В таких штрихах теннисоновская нота звучит слабо; но если бы поэма была без подписи, они не сделали бы многого для указания на автора. С другой стороны, прекрасные отрывки в «Королеве Марии» заметно лишены тех своеобразных каденций — того изысканного аромата дикции, — который каждый молодой поэт дня имел свой час имитировать. Мы можем привести в качестве примера поразительное отрицание Поулом обвинения в том, что Римская церковь когда-либо знала трепет:

«Что, мой Лорд! / Церковь на скале Петра? Никогда! Я видел / Сосну в Италии, которая отбрасывала свою тень / Через водопад; твердо стояла сосна — / Водопад сотрясал тень. На мой взгляд / Водопад типизировал стремительное падение / Ереси в яму: сосна была Римом. / Вы видите, мои Лорды, / Это тень Церкви дрожала».

Это читается как Теннисон, делающий все возможное, чтобы не быть Теннисоном, и вполне успешно. Как бы хорошо он ни преуспевал, однако, и как бы восхитительно умелой и умной ни была его попытка на протяжении всего произведения играть со своими старыми привычками языка и доказать, что он не раб, а хозяин классического теннисоновского ритма, я думаю, что немногие читатели могут не спросить себя, равен ли новый дар по ценности старому.
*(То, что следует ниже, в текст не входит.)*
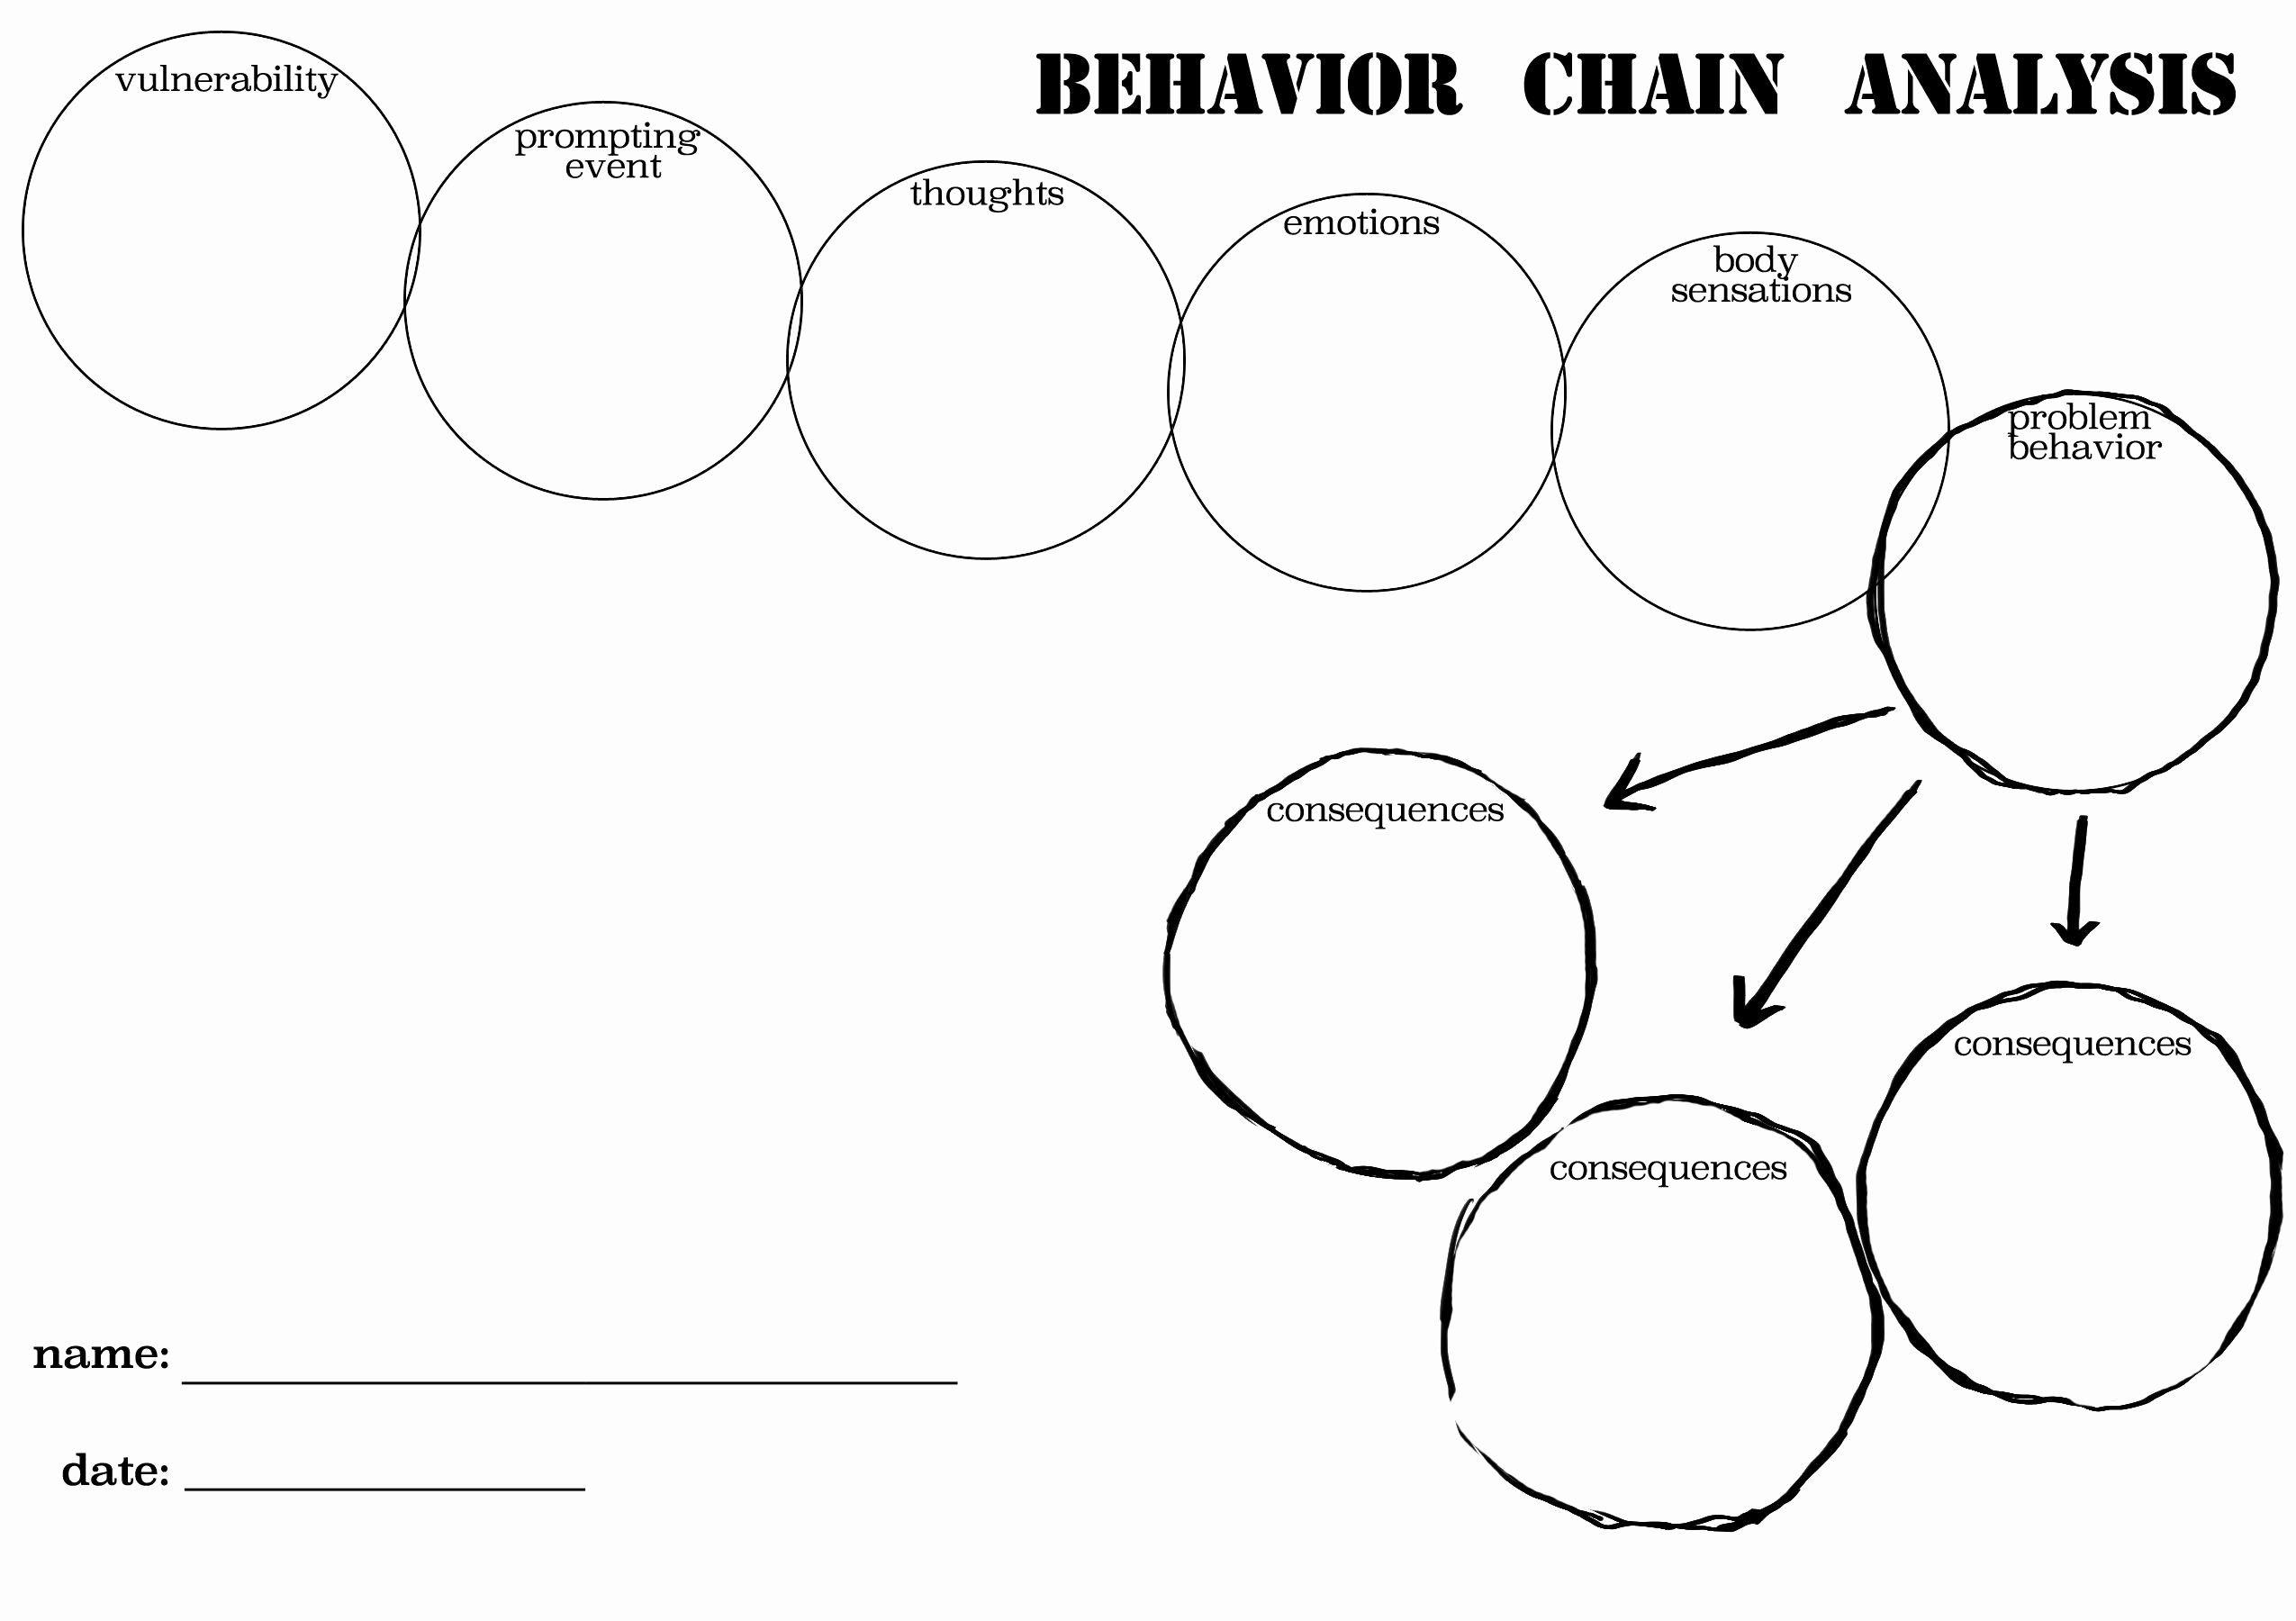 Written Document Analysis Worksheet Answers Fresh Art Analysis Worksheet Yooob Dbt Skills Worksheets Dbt Skills Adolescent Therapy Behavior chain analysis worksheet

Вопрос, возможно, заставит их перелистывать ближайший том поэта под рукой, чтобы освежить свою память о его древней магии. Он оказал нынешнему автору эту услугу, и он чувствует, как если бы она была значительной. Каждый великий поэт делает что-то превосходно, и когда вы сталкиваетесь с Теннисоном в его лучшем виде, вы чувствуете, что имеете дело с поэзией на ее высшем уровне. Один из лучших отрывков в «Королеве Марии» — единственный, который, как мне кажется, очень ощутимо согрет «огнем», отмеченным лондонской «Таймс», — это страстный монолог Марии, когда она чувствует то, что она предполагает быть намеками материнства:

«Он проснулся, он проснулся! / Он шевелится в темноте! / О Филипп, муж! как твоя любовь к моей / Будет цепляться теснее, и те мрачные манеры оттают, / Которые делают меня пристыженной и косноязычной в моей любви. / Второй Принц Мира — / Великий нерожденный защитник Веры, / Который отомстит за меня моим врагам — / Он идет, и моя звезда восходит. / Бурные Уайатты и Нортумберленды / И гордые амбиции Елизаветы, / И все ее самые яростные сторонники, бледны / Перед моей звездой! / Его скипетр выйдет из Индии в Индию! / Его меч разрубит еретические народы! / Его вера оденет мир, который будет его, / Как универсальный воздух и солнечный свет! Откройтесь, / Вечные врата! Король здесь! — / Моя звезда, мой сын!»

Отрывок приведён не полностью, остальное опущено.